Short question cornerning some lectures notes in my current calculus of variation class:
Let $\Omega \subset \mathbb{R^n}$ be open and bounded. It is now stated that if $(\phi_j)_{j \in \mathbb{N}} \subset W^{1, \infty}(\Omega, \mathbb{R^N})$ convergences uniformly to zero and futhermore $\| \nabla\phi_j \|_{L^p} \leq C$ for some constant $C$. Then $\phi_j$ convergences weakly to $0$ in $W^{1, p}(\Omega, \mathbb{R^N})$. I don't really see why this holds, I just know that there needs to be some convergent subsequence, but can't even tell why this needs to converge to $0$. Can someone help me?

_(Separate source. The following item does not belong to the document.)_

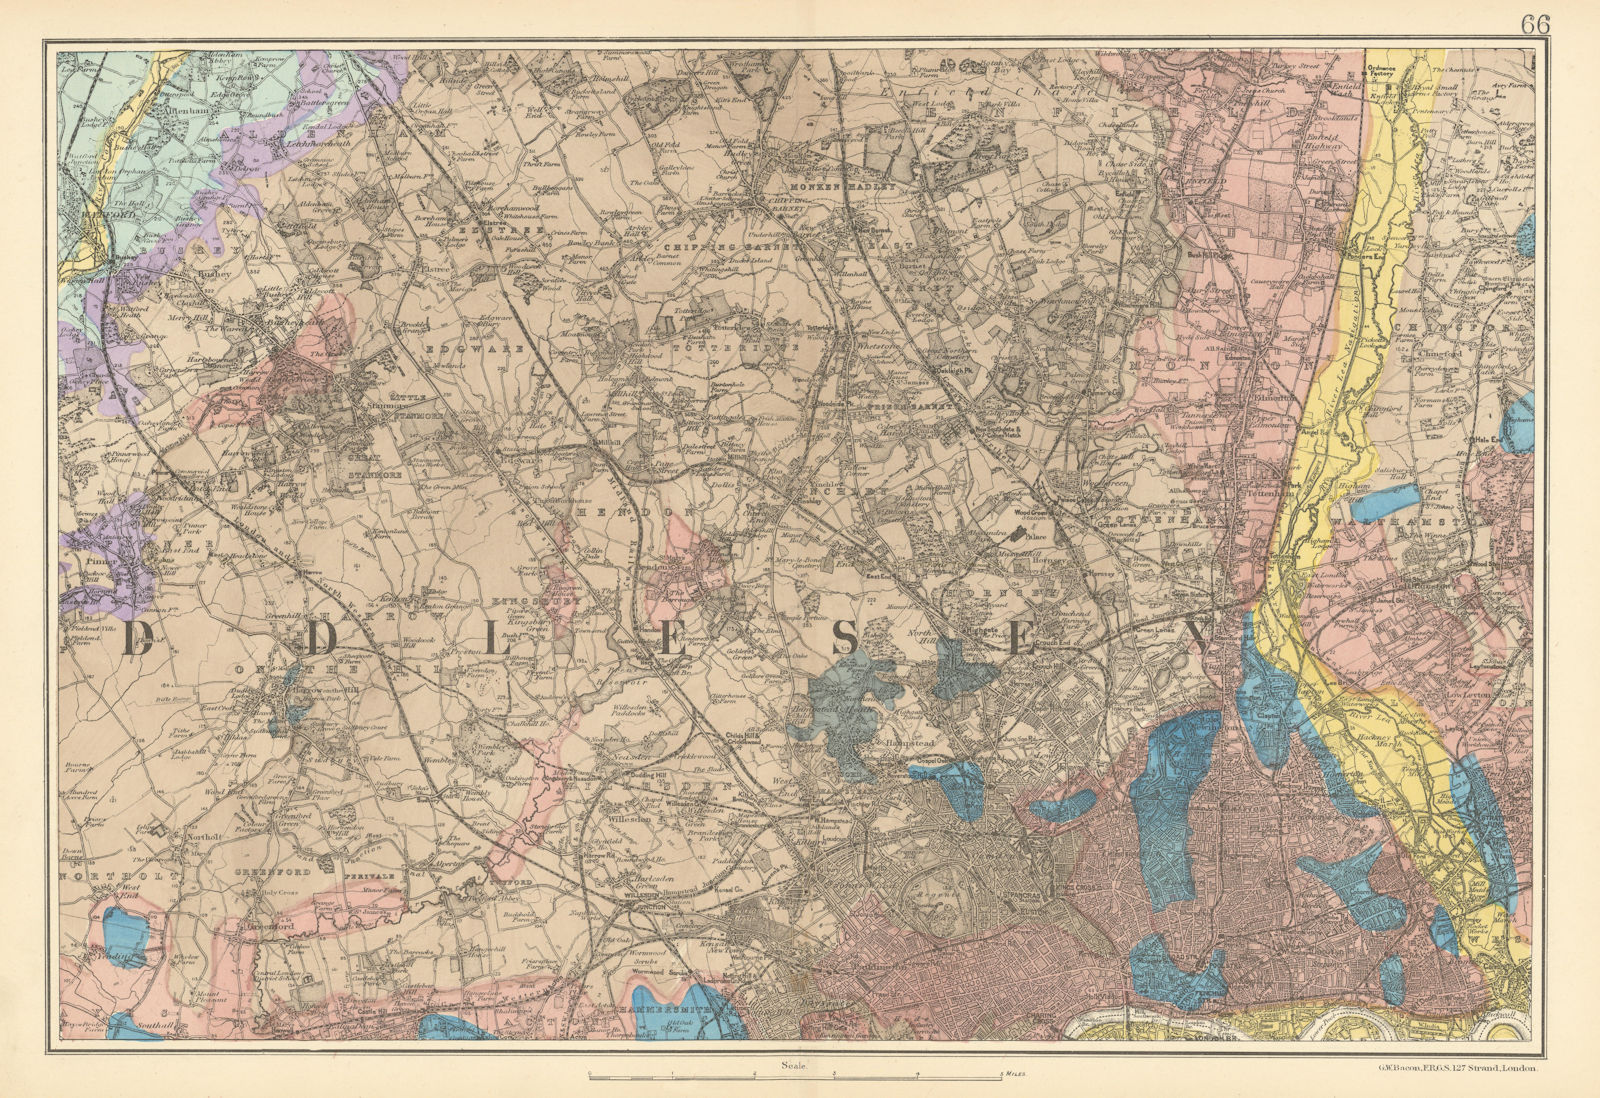 NW LONDON GEOLOGICAL Westminster Islington Brent Ealing Camden.BACON 1900 map

You have $\phi_j \to 0$ in $L^\infty(\Omega)$. In addition, $\phi_{j_k} \rightharpoonup \phi$ in $W^{1,p}(\Omega)$ for a subsequence. In particular, $\phi_{j,k}\rightharpoonup \phi$ in $L^p(\Omega)$.
If $\Omega$ is bounded, then $\phi_j\to0$ in $L^q(\Omega)$ for all $q\in [1,+\infty]$, in particular for $q=p$. By uniqueness of limits, $\phi=0$.